*** Data shown ***

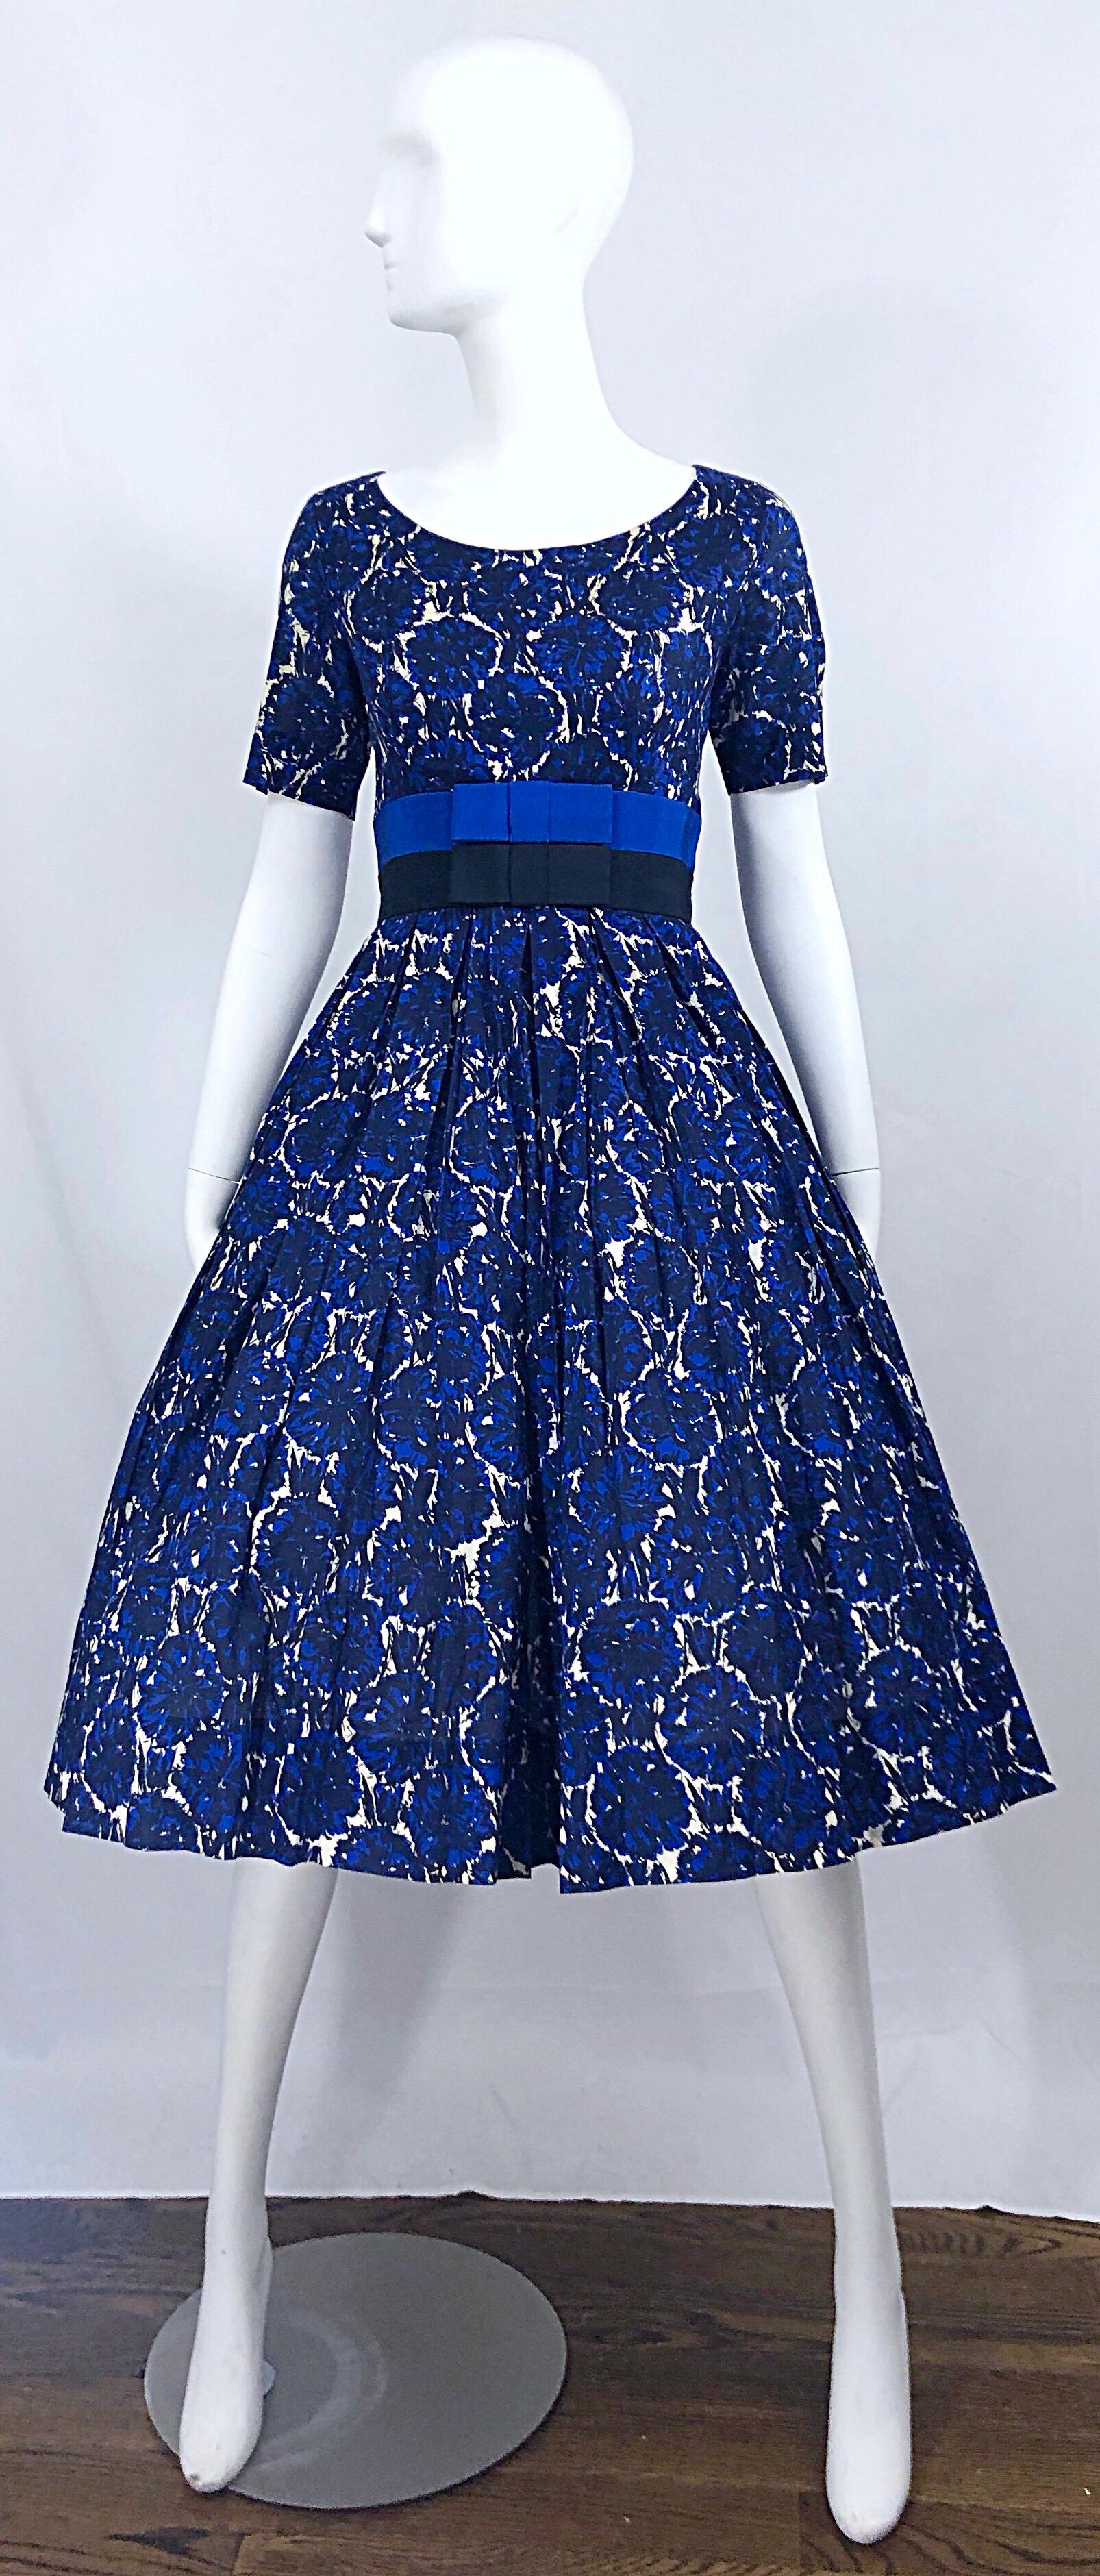 Phénoménale robe vintage des années 50 BONWIT TELLER demi couture en coton imprimé de fleurs abstraites ! Le corsage est ajusté, avec deux bandes de nœuds en gros-grain de soie de couleur bleue et noire. La jupe complète a beaucoup d'espace pour
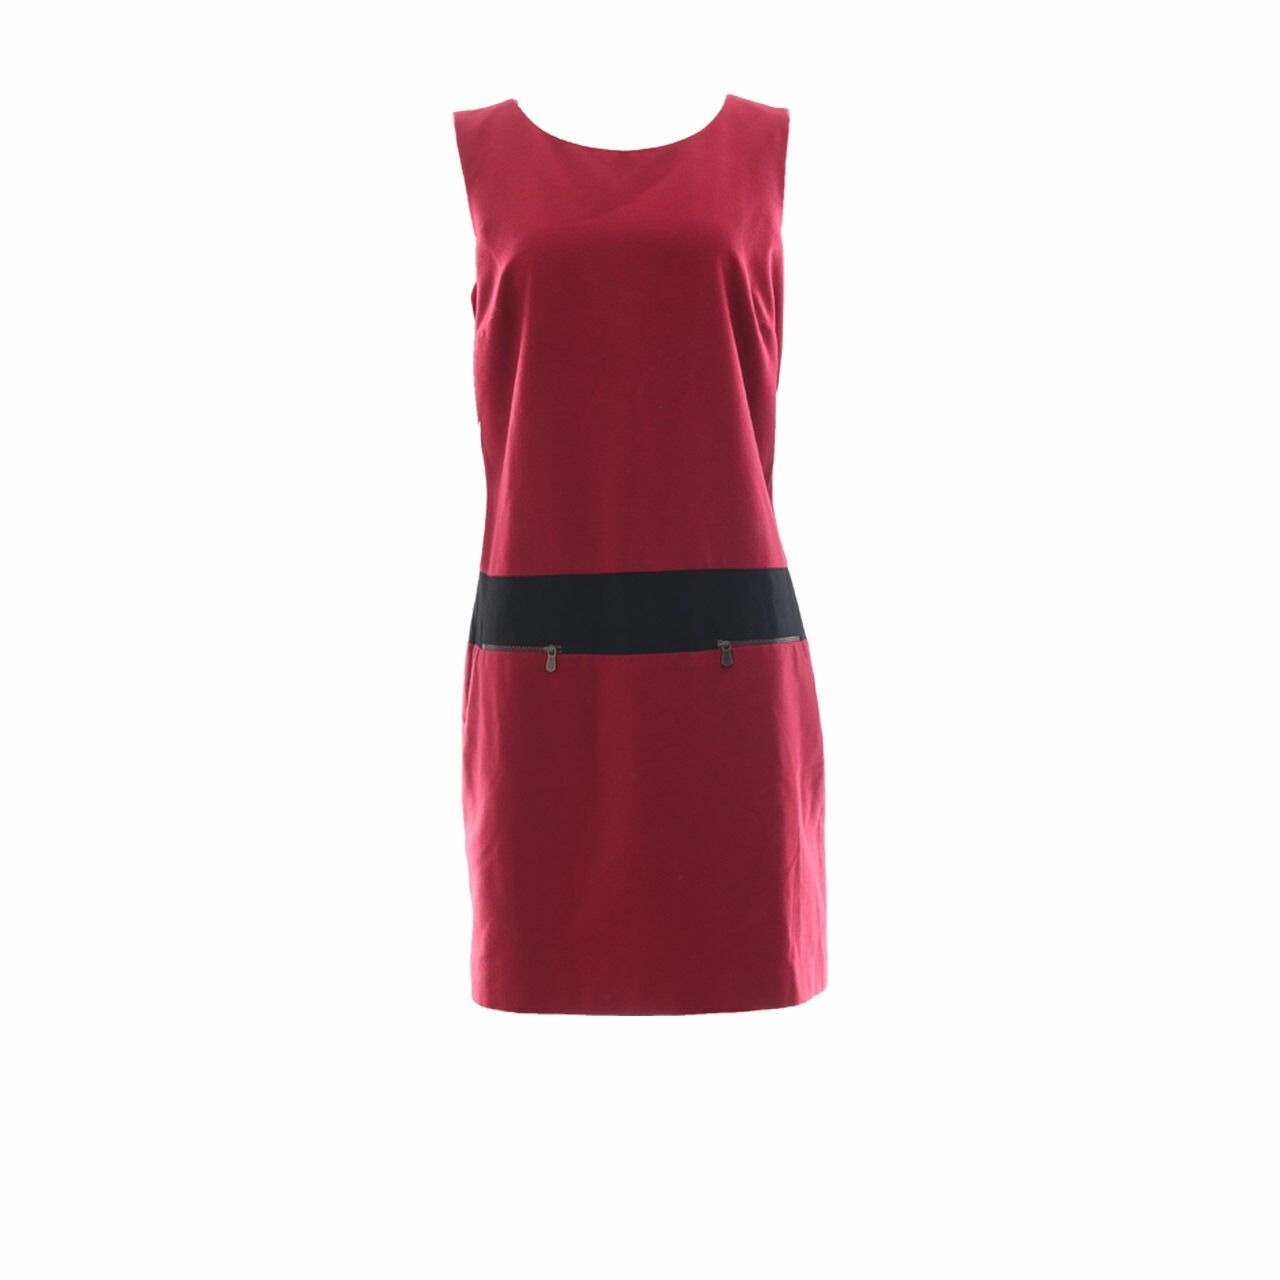 Mexx Red Zipper Mini Dress
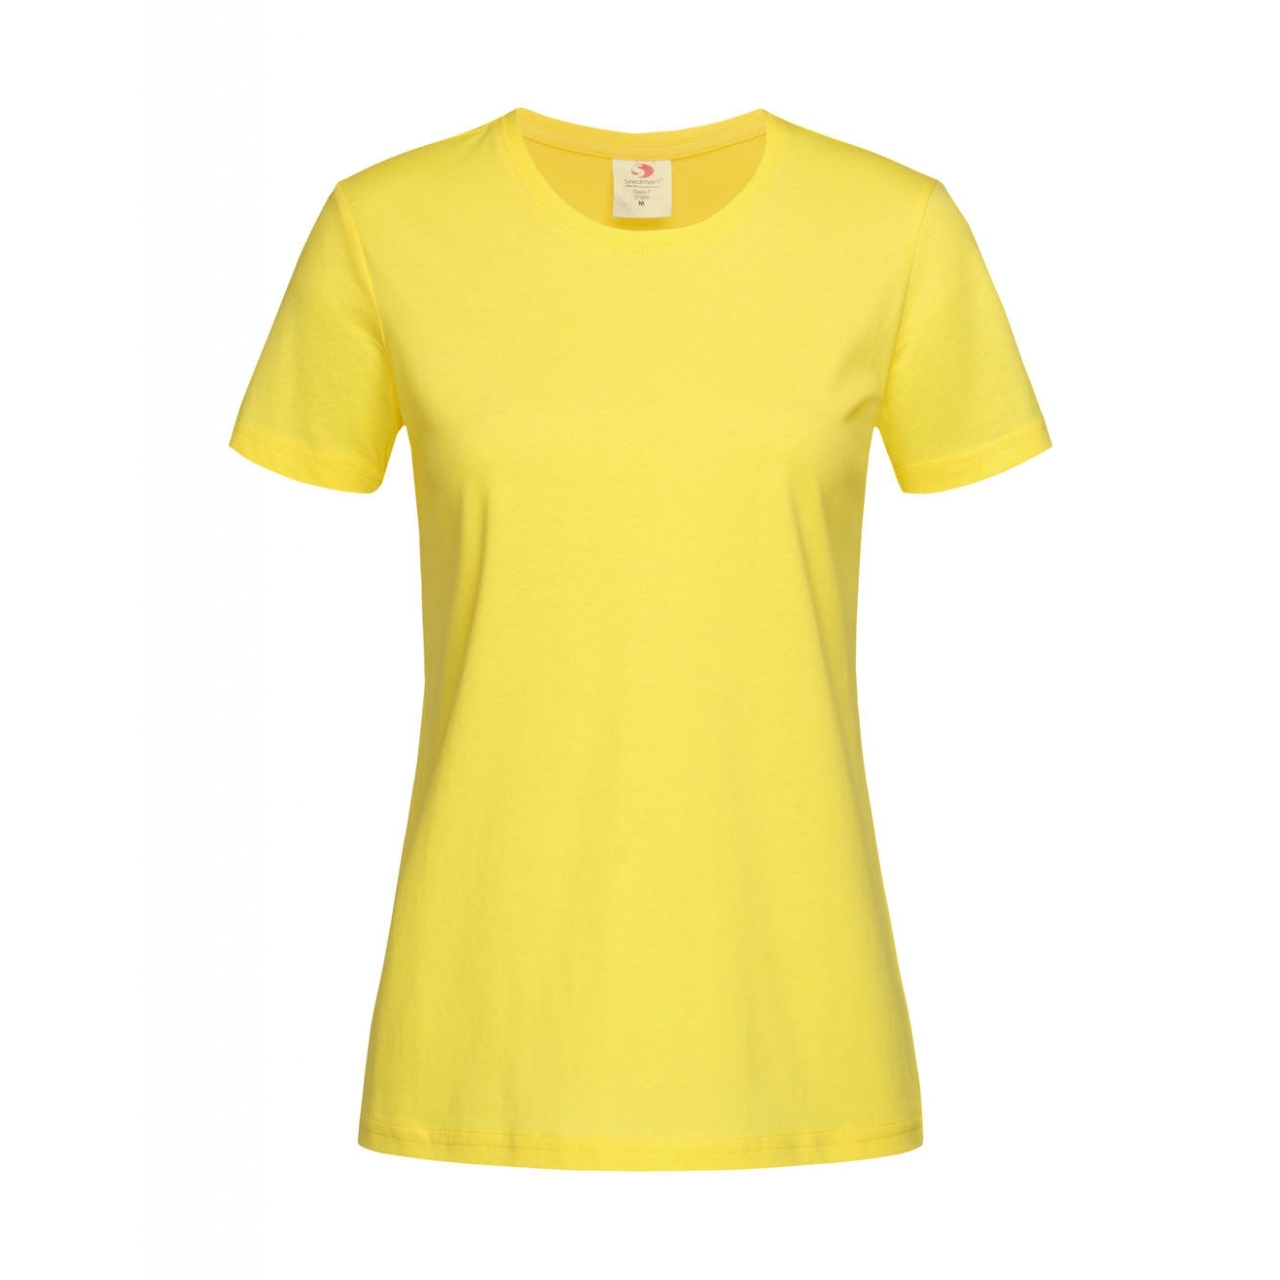 Tričko dámské Stedman Fitted s kulatým výstřihem - žluté, M

*** End of Data shown ***

Work instructions
Could you reproduce the listing above exactly and drop every picture?

Solution for this task
 Phénoménale robe vintage des années 50 BONWIT TELLER demi couture en coton imprimé de fleurs abstraites ! Le corsage est ajusté, avec deux bandes de nœuds en gros-grain de soie de couleur bleue et noire. La jupe complète a beaucoup d'espace pour
 Mexx Red Zipper Mini Dress
 Tričko dámské Stedman Fitted s kulatým výstřihem - žluté, M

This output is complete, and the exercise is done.